Gašparovič's toned down and non-confrontational approach to presidency has increased his popularity with many voters, and he is a generally popular president now. However, to date he has remained unapologetic about his role in the Mečiar's regime, which is generally perceived to have set back Slovakia's post-communist political and economic progress and development. Gašparovič was supported by the Direction – Social Democracy of Prime Minister Robert Fico and the Slovak National Party a nationalist and populist party led by Jan Slota.

===Controversies===
In a 23 August 2011 statement, Gašparovič opposed erecting a sculpture in memory of controversial Hungarian minority politician János Esterházy in Kosice, saying that the one-time deputy had been a follower of Hitler and fascism. He also opposed Ferdinand Ďurčanský's sculpture for similar reasons. According to Hungarian President Pál Schmitt, Esterházy rejected both fascism and communism, suffered in the Gulag and died in a Moravian prison in 1957.

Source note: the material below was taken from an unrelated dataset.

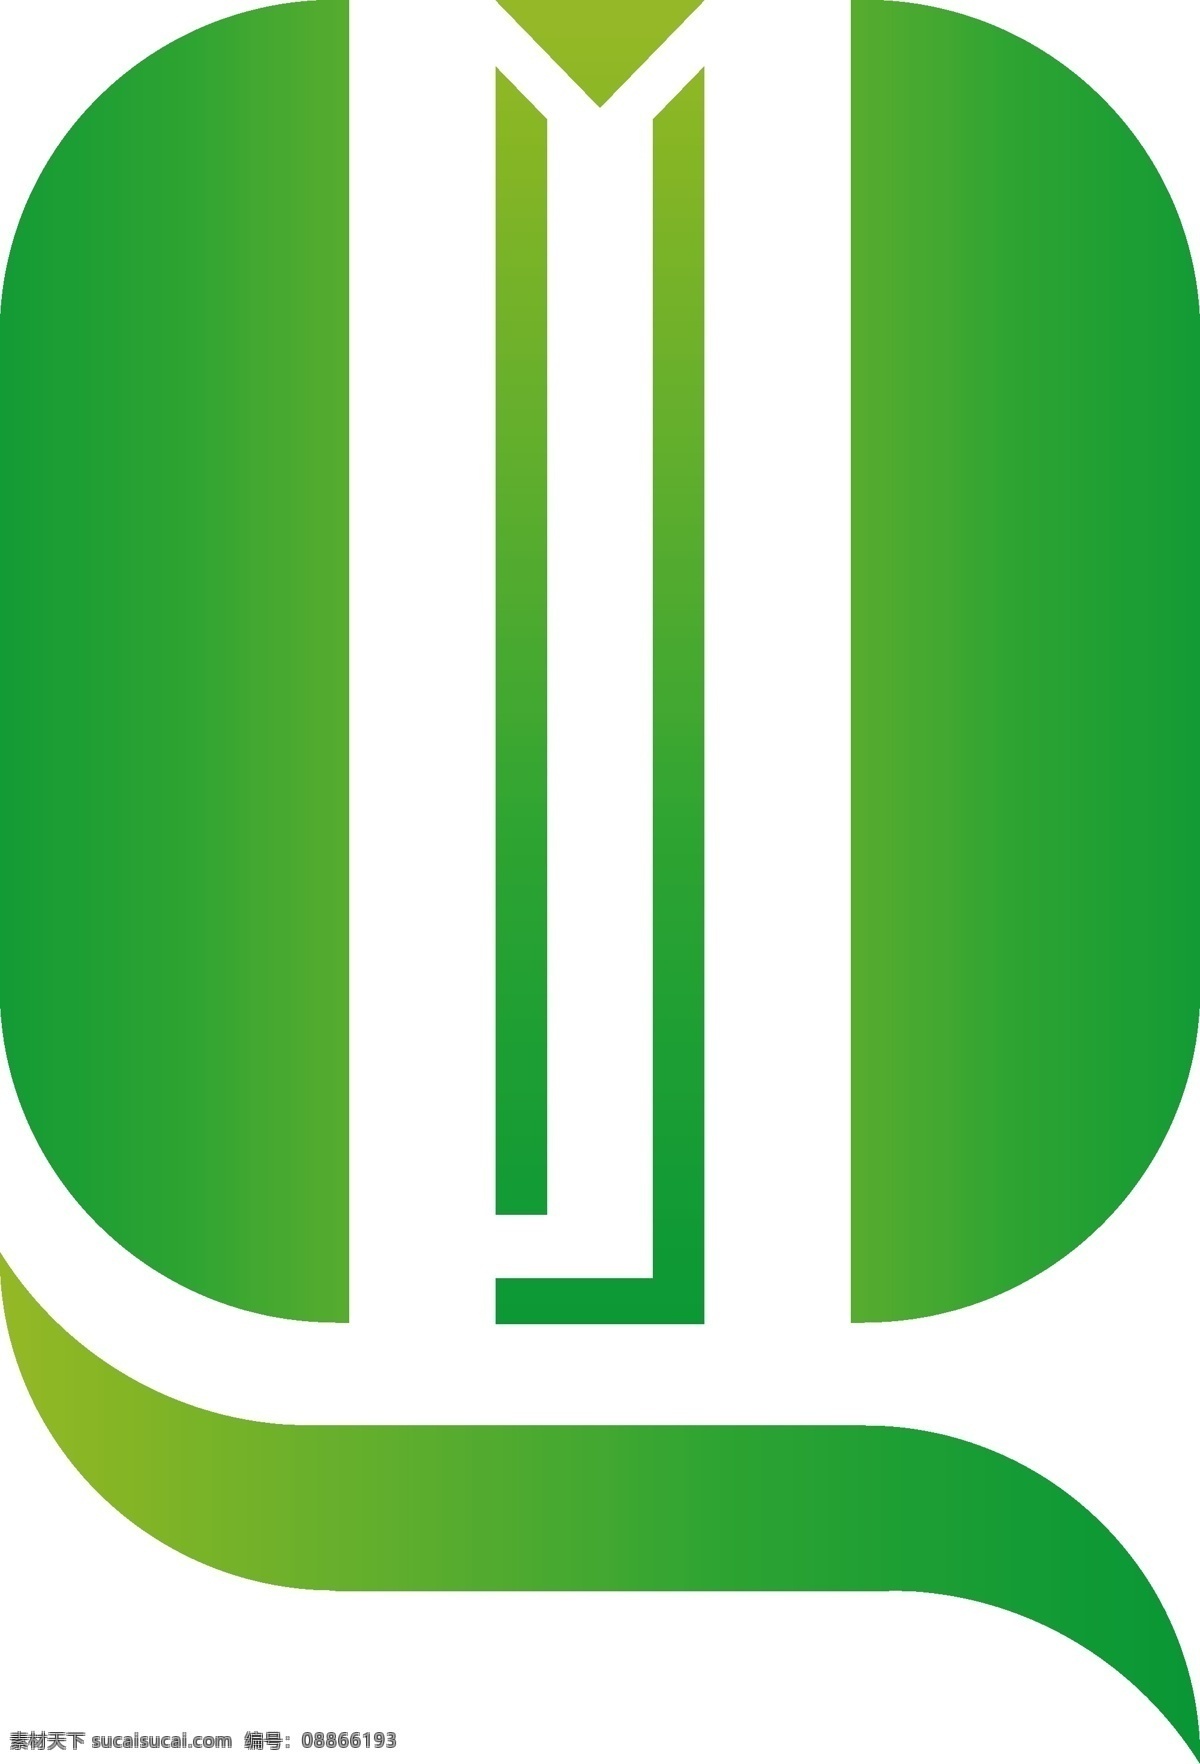 字母 q 变形 企业 logo qlogo 英文 大写 图标 logo设计

Marek Trubac, the Slovak president's spokesman, told MTI that Esterházy is considered a war criminal in Slovakia, "for supporting fascist ideology". Though Esterházy did vote against the law about deportations of Jews, he also welcomed (former Hungarian regent) Horthy's "fascist troops" that occupied Kosice, the spokesman added.

He has also become well known for his misspeaks that are often topics of conversations and jokes among Slovak public (e.g. referring to a letter by "white on black" instead of "black on white" or referring to United Nations (Slovak translation is "Organization of connected nations" Slovak: Organizácia spojených národov) as "Organization of connected tumors" Slovak: Organizácia spojených nádorov).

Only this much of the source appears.